Ultimately, those plant operators utilising the least fly ash will have the longest time to comply with the notification.

One way or another, no power plant is required to meet the 100% target in the near future.

Bad environmental governance

Chimneys of a coal-fired power plant are pictured in New Delhi, July 20, 2017. Photo: Reuters/Adnan Abidi/File Photo

India’s fly ash crisis is only bound to get bigger in the future especially with our increasing dependence on domestic coal. Every kilogram of Indian coal generates two-times more ash than Australian or Indonesian coal.

On May 25, 2021, in a hearing before the Karnataka high court on a PIL challenging the environment ministry’s decision to appoint members of the expert appraisal committee, the ministry took time to file its response citing the COVID-19 lockdown. The matter was listed again on June 11, and the ministry’s counsel cited the same reason again and sought more time to file their response. This is the same ministry during the height of the second wave expected citizens to file their comments on the draft.

As such, the draft notification is an attempt to legitimise fly-ash dumping across India’s landscape, behind the smokescreen of vague terms like ‘eco-friendly’ and “utilisation”. The penalty’s provisions – even if they are applied – are in all likelihood likely to be stayed by the courts for want of authority.

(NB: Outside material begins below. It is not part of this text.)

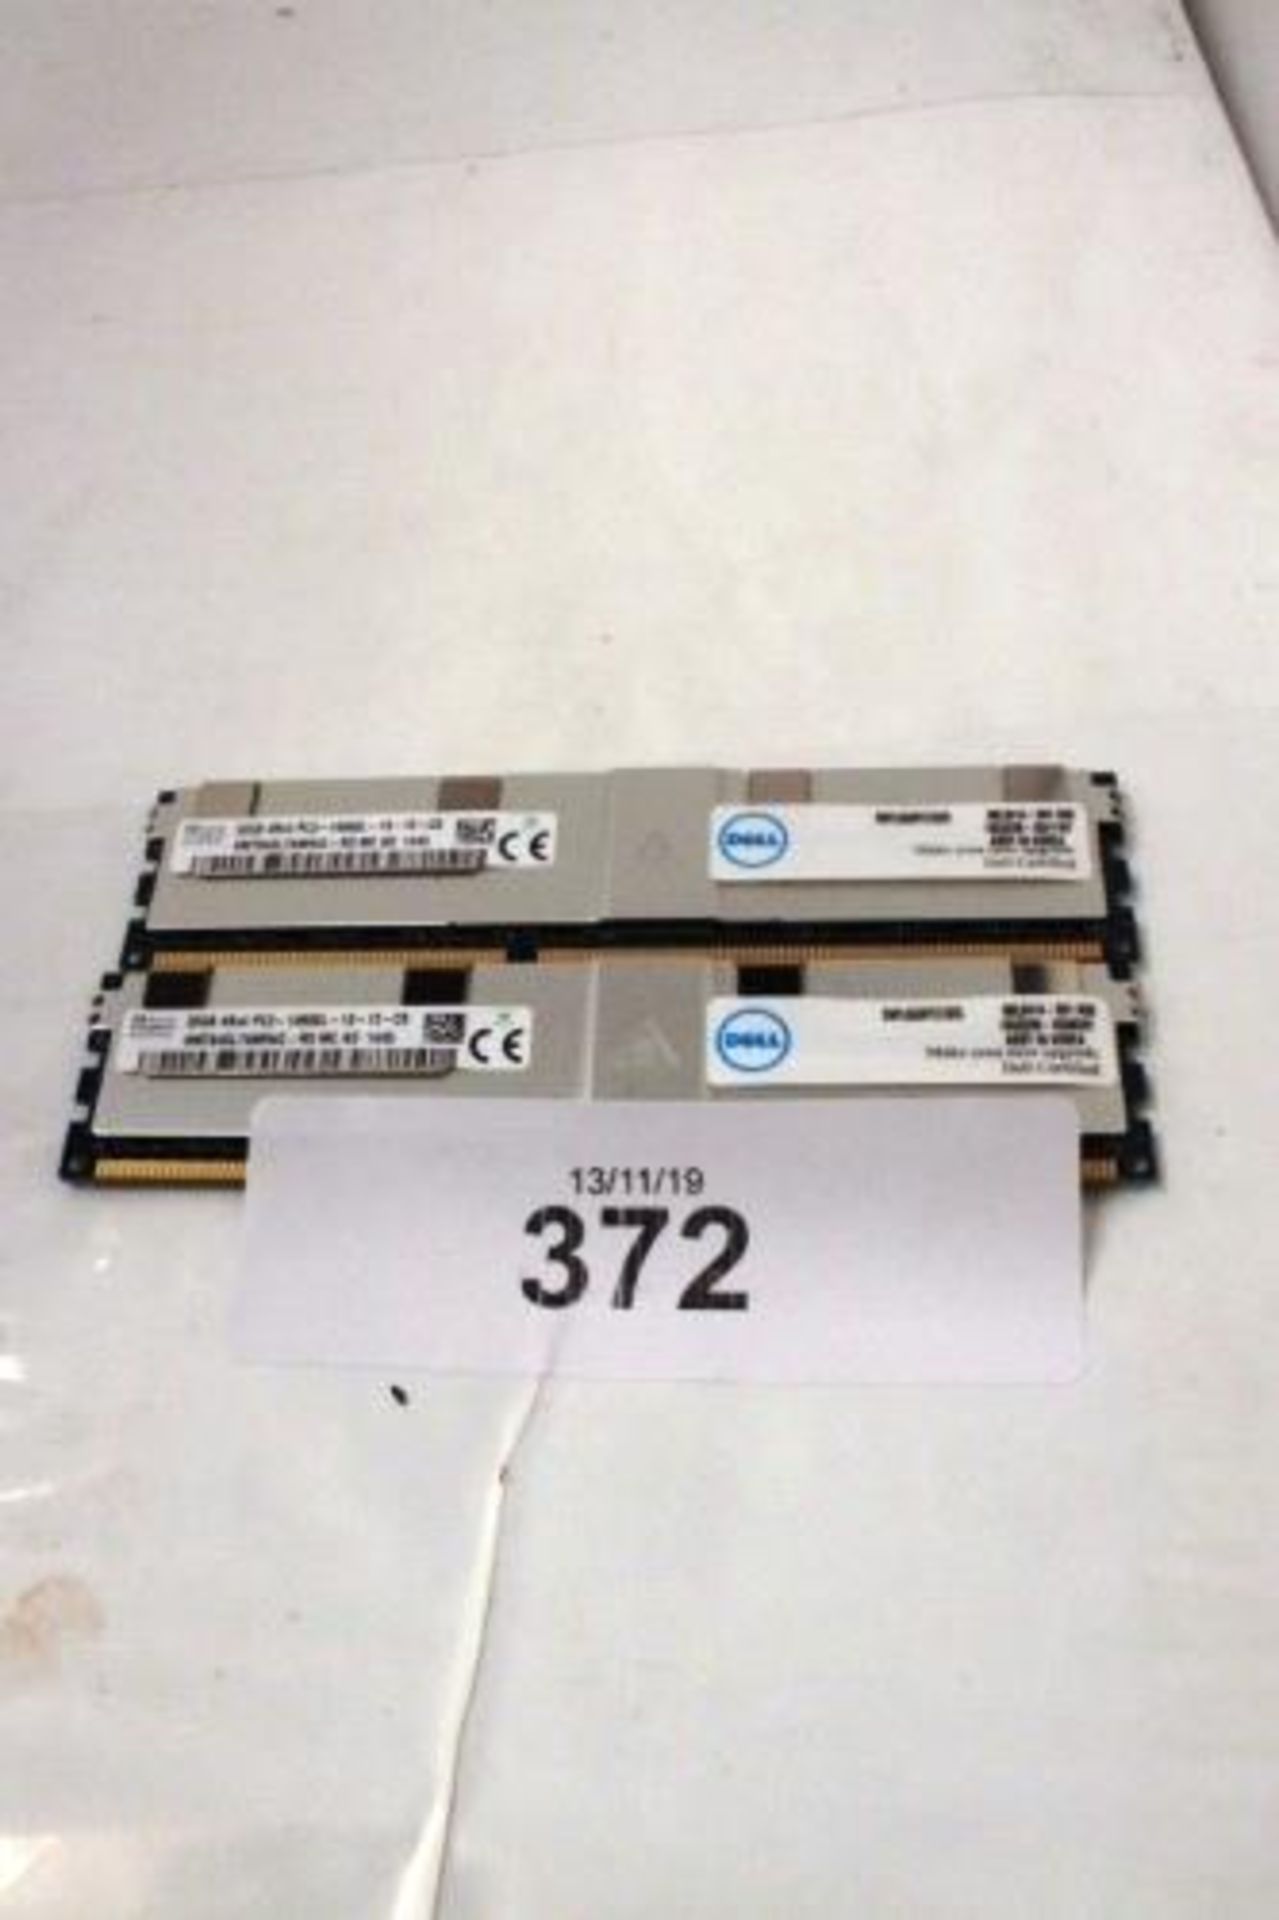 2 x SK Hynix DDR3 32gb 14900L FB memory cards, Ref: HMT84GL7AMR4C-RD MC AD, Dell certified - New (

In sum, the draft fly ash notification 2021 is a regressive policy in letter as much as spirit, and the ministry needs to withdraw and replace it with a version that incorporates good science, public health and which, crucially, abides by the ethics of public participation.

Ritwick Dutta is an environmental lawyer and the founder of the Legal Initiative for Forest and Environment. Dharmesh Shah is the senior technical advisor to the Lawyers Initiative for Forest and Environment.